On this day, 77 years ago, commanding officer of the British forces and their allies, Arthur E. Percival, surrendered Singapore to the invading Japanese forces.
Singapore's defence assessed as inadequate
Percival, enlisted in the army during World War 1, worked his way up the ranks to become an experienced soldier.
In 1936, Percival was posted to Malaya and assessed that the defences of the region were inadequate.
He noted that:
- A British fleet could not quickly travel to Malaya in the event of an attack.
- There was a lack of funds to construct defences.
- Some British and Allied troops were under-trained and unfamiliar with fighting in a jungle environment.
Additionally, by 1940, WWII had already begun and Britain was engaged in a desperate struggle with the forces of Nazi Germany.
Hence, there were few resources to spare for colonies like Singapore.
Fighting losing battle against the Japanese?
In contrast to Percival, his Japanese counterpart, General Tomoyuki Yamashita, was given the command of one of the best units in the Japanese military.

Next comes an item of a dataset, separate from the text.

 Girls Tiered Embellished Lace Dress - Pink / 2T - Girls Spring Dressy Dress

The Japanese placed a high importance on capturing Singapore, and as an experienced campaigner, Yamashita's invasion of Malaya was met with huge successes.

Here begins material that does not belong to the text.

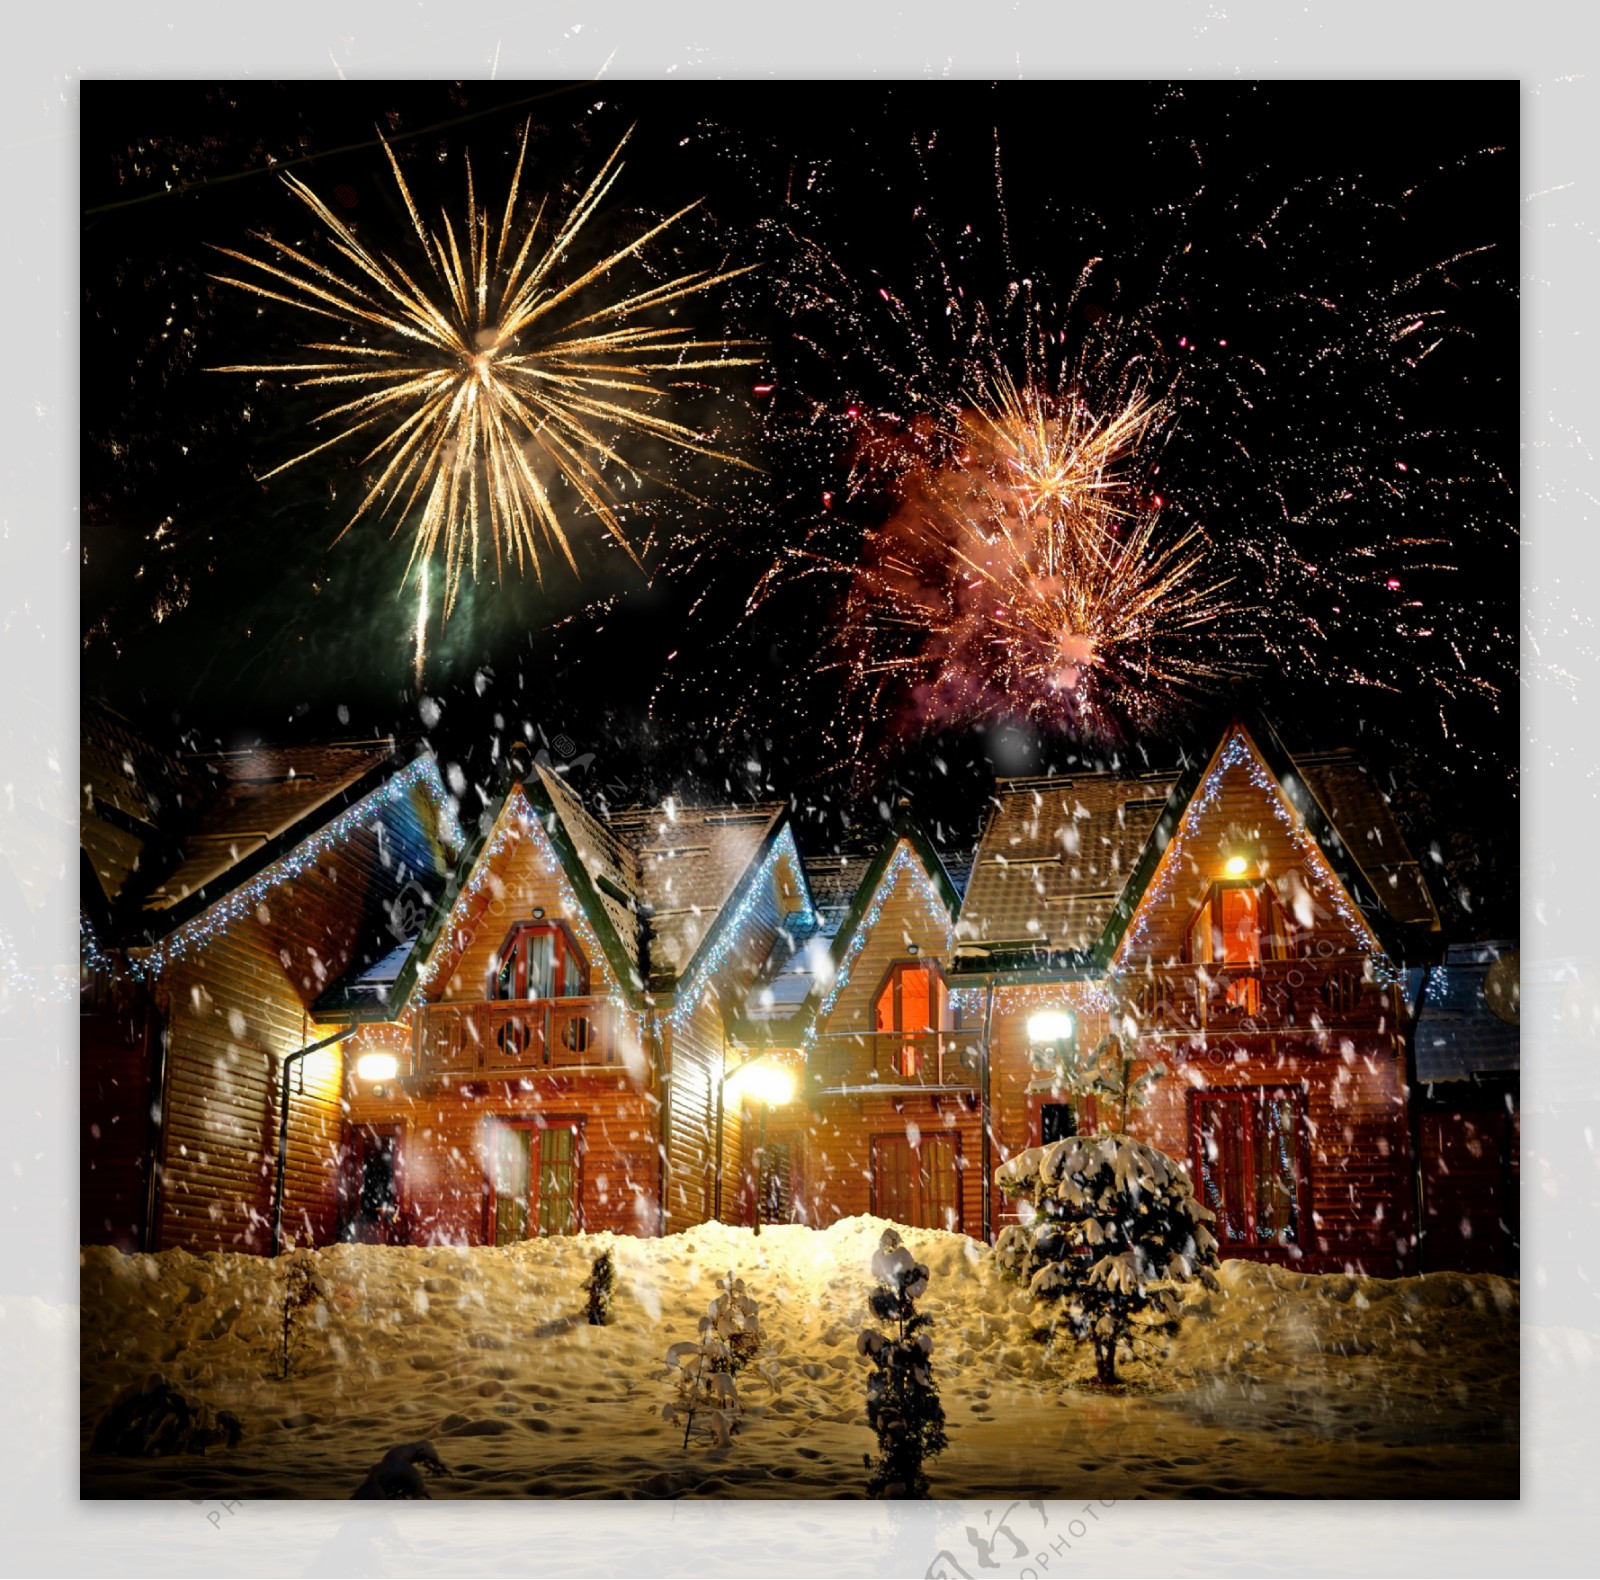 Snowy Christmas Night Wallpapers - Top Free Snowy Christmas Night ...

By Jan. 31, 1942, Percival and all his troops had retreated to Singapore.
By then, Percival was running low on food, supplies, water and ammunition.
The Japanese, meanwhile, were still fiercely shelling Singapore with their artillery pieces.
Japanese bombers attacked Singapore, damaged the water supply, and a large numnber of civilian casualties resulted.
Both the soldier and the civilian population had their morale depleted.
On Feb. 15, 1942, Percival decided to surrender the "impregnable" island fortress of Singapore.
Although Percival was in a tough situation, he did not know that Yamashita was almost as desperate as he was for the fighting to end.
The Japanese were running low on supplies, fuel and ammunition themselves.
Yamashita had ordered continued artillery bombardments to make the British believe that he had endless supplies of shells, when they were, in fact, close to running out.
And while Yamashita's troops were highly-trained, they only numbered around 30,000. Percival, on the other hand, had about 85,000 men in Singapore, 15,000 of whom were non-combatants.
In addition, the Japanese had also encountered stern resistance while invading Singapore itself.
Australian soldiers had fought Yamashita's Imperial Guards to a standstill at Kranji, while Lieutenant Adnan Saidi and his Malay Regiment inflicted high casualties on Japanese forces at the Battle of Bukit Chandu.
What if Percival had decided to fight on, even for just a few more days?
It would be a race to see who ran out of essential supplies first.
Perhaps Percival's numerical superiority could have held out, and perhaps more local volunteers would have put up a fierce resistance against the invaders.
We can't be sure exactly what would happen if Percival had not surrendered. However, this decision would have rewritten our history.
The Fall of Singapore would have many consequences, during World War II and afterwards, for both the island and for Britain itself.
It would also shape the principles influencing Singapore's defence position.
For instance, in 2017, British High Commissioner to Singapore Scott Wightman remarked that it was "not surprising" that one of the lessons taken away by Lee Kuan Yew from the Fall of Singapore was that Singaporeans had to rely on themselves for security.